What the PS5 Version Adds (and What It Doesn’t)

On PlayStation 5, Endfield makes full use of the console’s hardware features. DualSense haptics, adaptive triggers, controller speaker support, and 3D Audio are all present. The Activities feature also allows players to jump directly into certain moments or objectives without navigating menus.

These additions can improve immersion, especially in combat and environmental moments. But they’re enhancements, not foundations. No amount of haptics will compensate if combat feels repetitive or progression stalls. The PS5 features should be seen as polish on top of the experience.

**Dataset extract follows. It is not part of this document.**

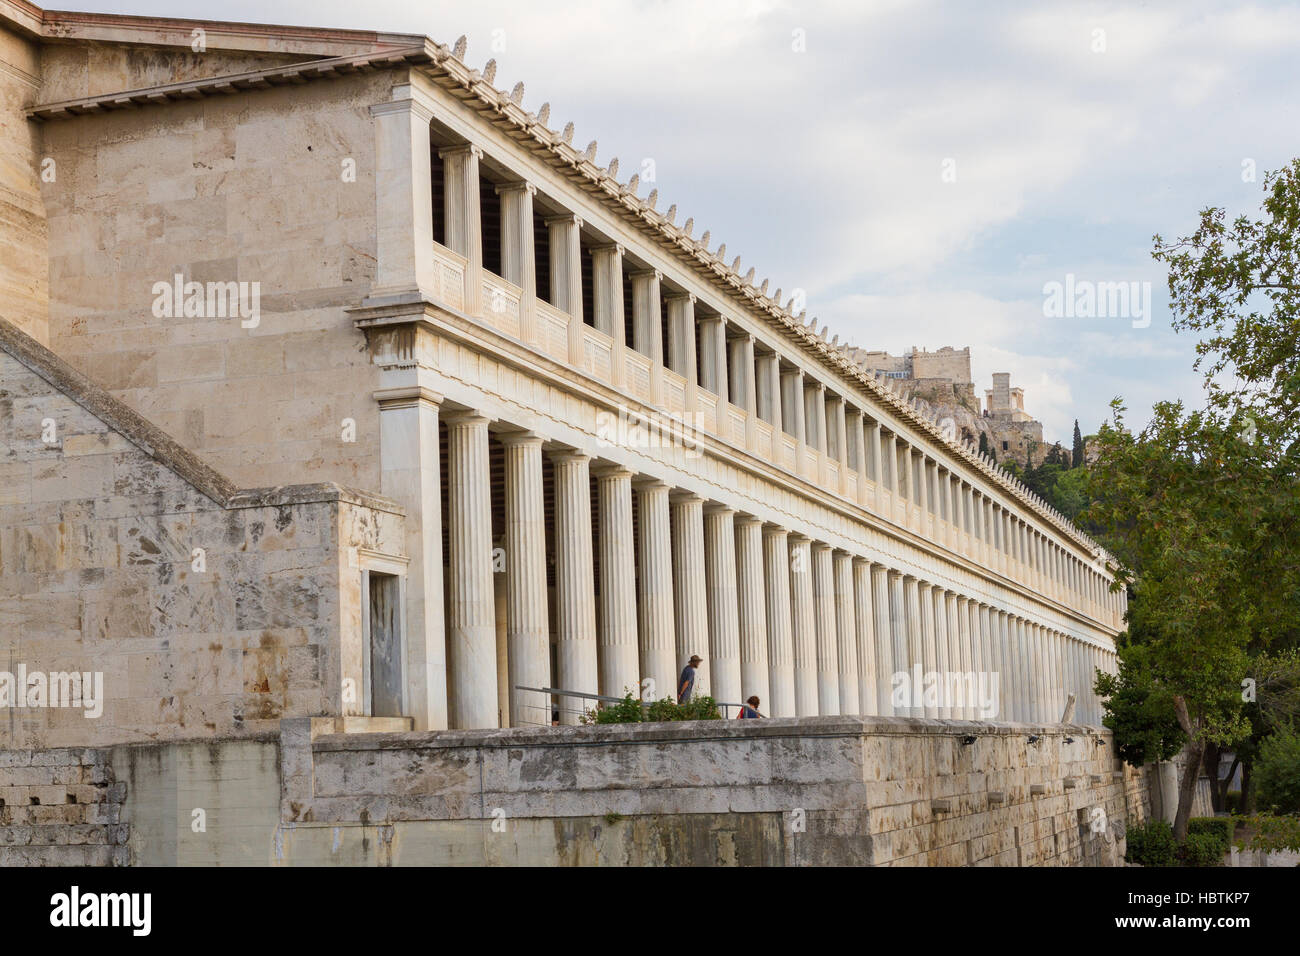 Athens, Greece - August 25, 2016: Stoa of Attalos in Athens, Greece on a summer afternoon Stock Photo

The Bigger Question Going In

Arknights: Endfield is ambitious, generous in how it lets players start, and clearly designed to hold attention for a long time. At the same time, it’s juggling a lot: real-time combat, squad tactics, world exploration, and base systems, all within a free-to-play structure.

That combination makes it interesting, but also unproven at scale. The smartest way to approach it is with curiosity rather than hype. Try it, see how the systems feel together, and decide whether the time investment makes sense for you.

If it clicks, it could easily become one of the most absorbing games to start 2026 with. If it doesn’t, at least getting in the door won’t cost you anything but time.